The Multi-platform Language for Calculators (MLC) was something originally thought up and made by a programming group called the
Epic Programming Studios (web archive link), and they made MLC interpreters and programs for the Casio AFX and TI-86. Besides being multi-platform, it's faster than TI-BASIC and supports grayscale, tile-mapping, and has a lot of commands that would be helpful to game programmers, like collision-detection ones. The group broke apart a few years ago, but I thought the MLC project was pretty cool, so I made a MLC interpreter for the TI-89/TI-92+/Voyage 200 calculators - MLC 68K (some Casio people also
continued the project as well).
It's nearly complete (it supports every MLC variable and expression type, allowing for things like: %I+=@ARY(3*%VAR)+3-*PTR), but I still need to fix a few bugs and things. Here are some screen shots of MLC games originally written for the TI-86 interpreter running on the MLC 68K interpreter:
And here's a short demo showing grayscale and tilemapping in MLC 68K;
Here are some screenshots of MLC games running on various interpreters, and
here is some general information about MLC as part of some documentation I'm working on.

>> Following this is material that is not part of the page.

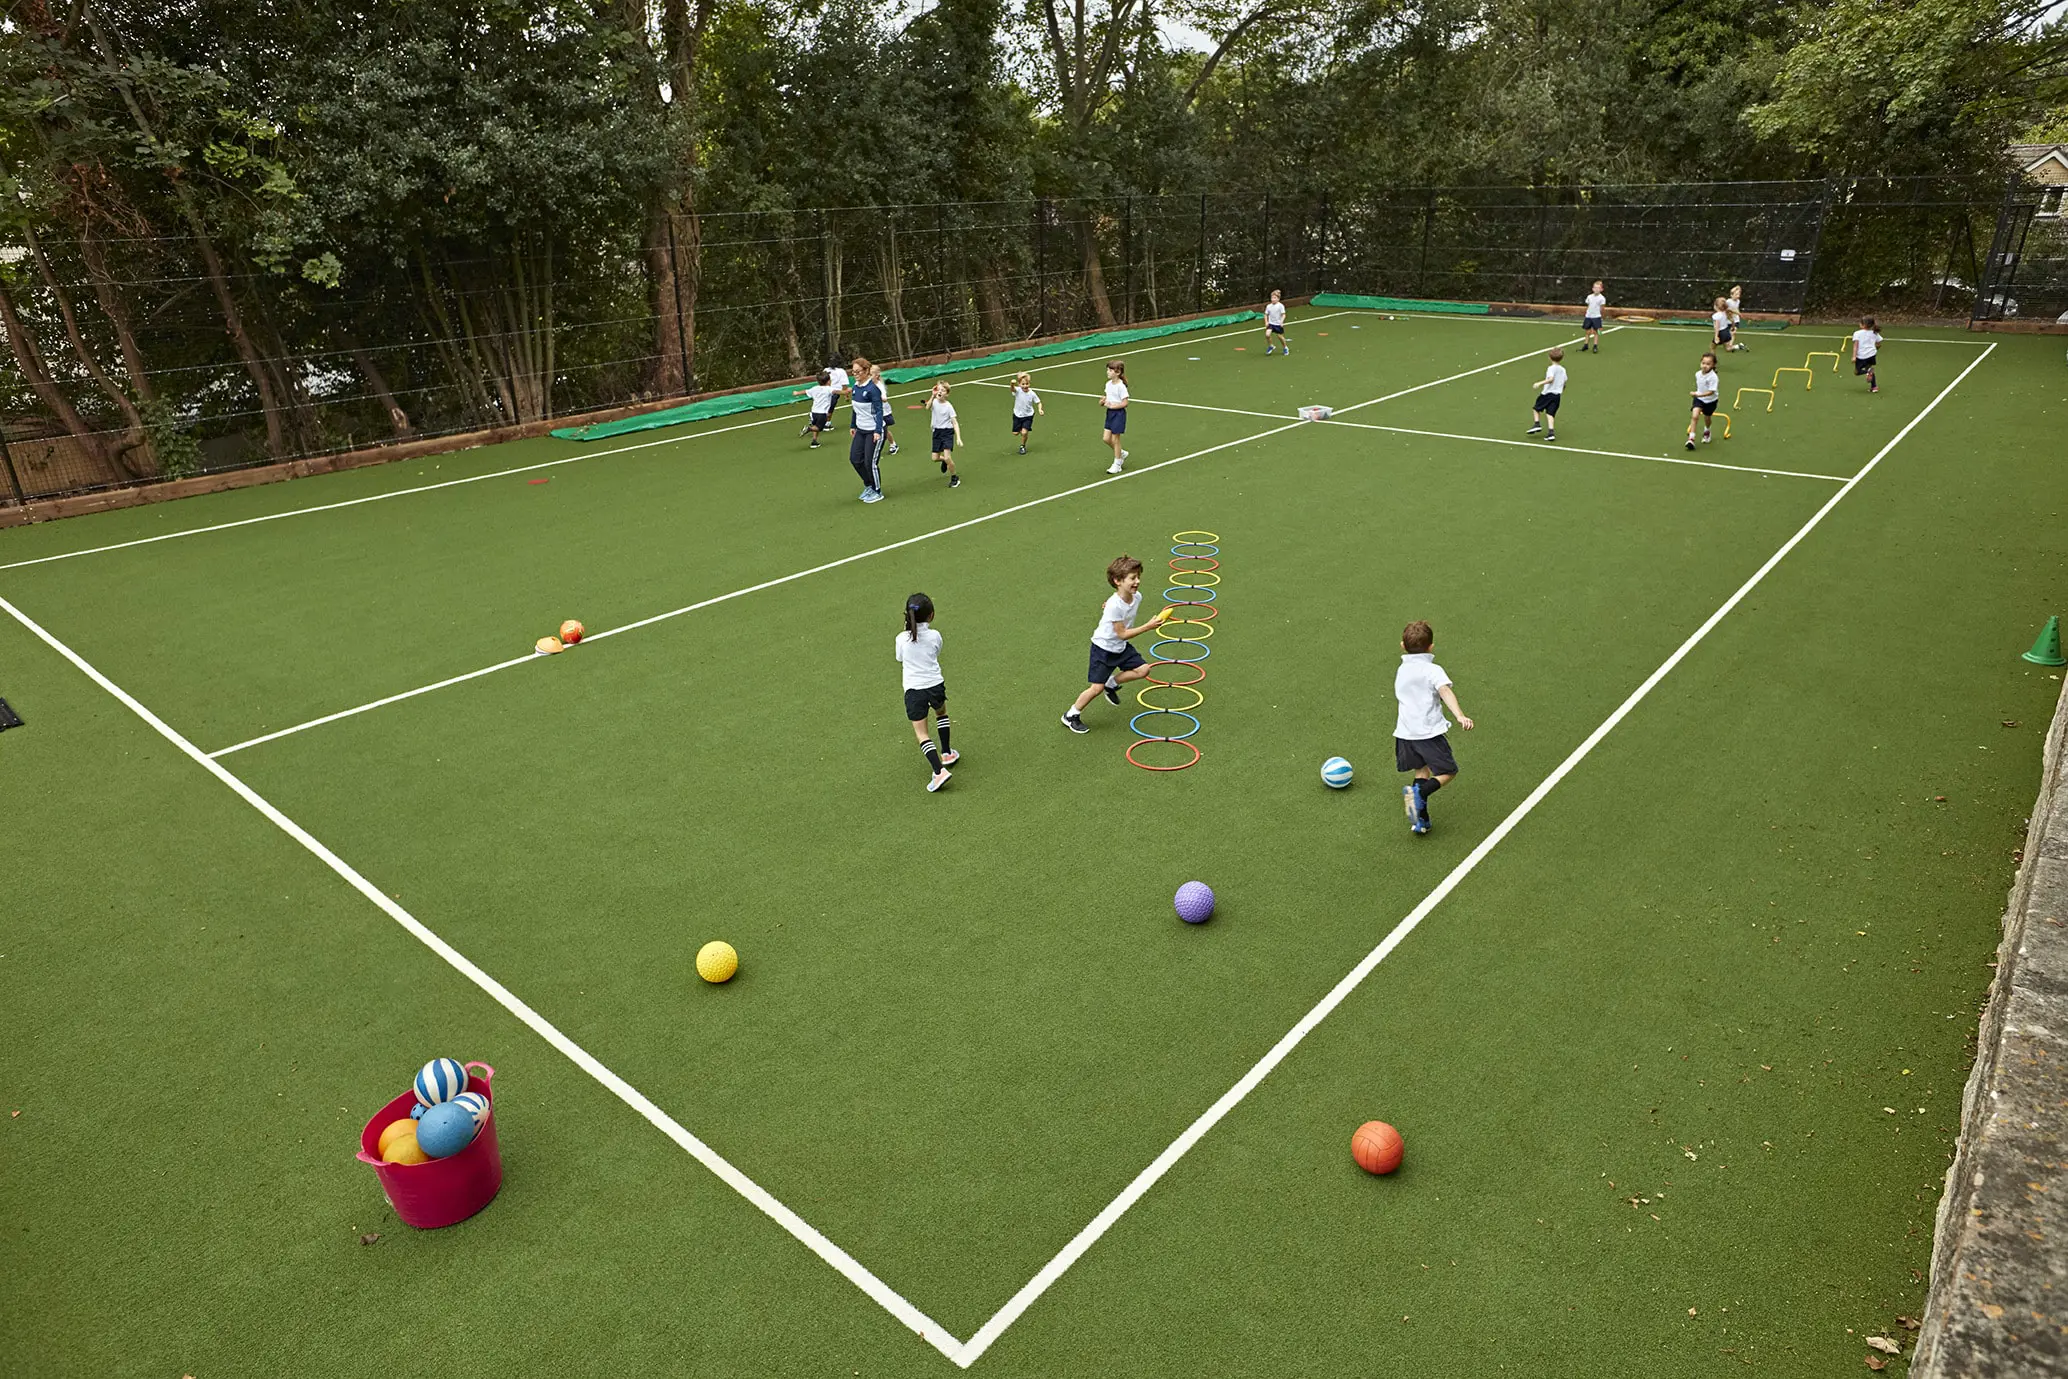 KES Bath pupils playing football outside on all weather pitch

I also started working on an
on-computer IDE for MLC which will be able to generate MLC programs for all supported calculators in the appropriate file formats (.86p for TI-86 MLC programs, etc.)
Download MLC 68K Alpha 1 - MLC sample programs (written by the Epic Programming Studios) included - MLC programs on 68K calculators are stored as text files and can be ran on the homescreen by doing: mlc2("progname").

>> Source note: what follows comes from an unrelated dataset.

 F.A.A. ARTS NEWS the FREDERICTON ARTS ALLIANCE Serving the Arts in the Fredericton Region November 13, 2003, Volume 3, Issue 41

Note that I don't think any of the sample programs work completely, so if anybody could figure out what exactly is causing them to not work, that'd be great.
And remember, there's some online documentation that's nearly complete
here if you need help getting started programming with MLC.
Hopefully I'll have a new release within a few weeks of MLC 68K that has some bugs fixed, is compressed, has a "tokenizer" for smaller and faster programs, and has better key layouts on the TI-92+ and Voyage 200.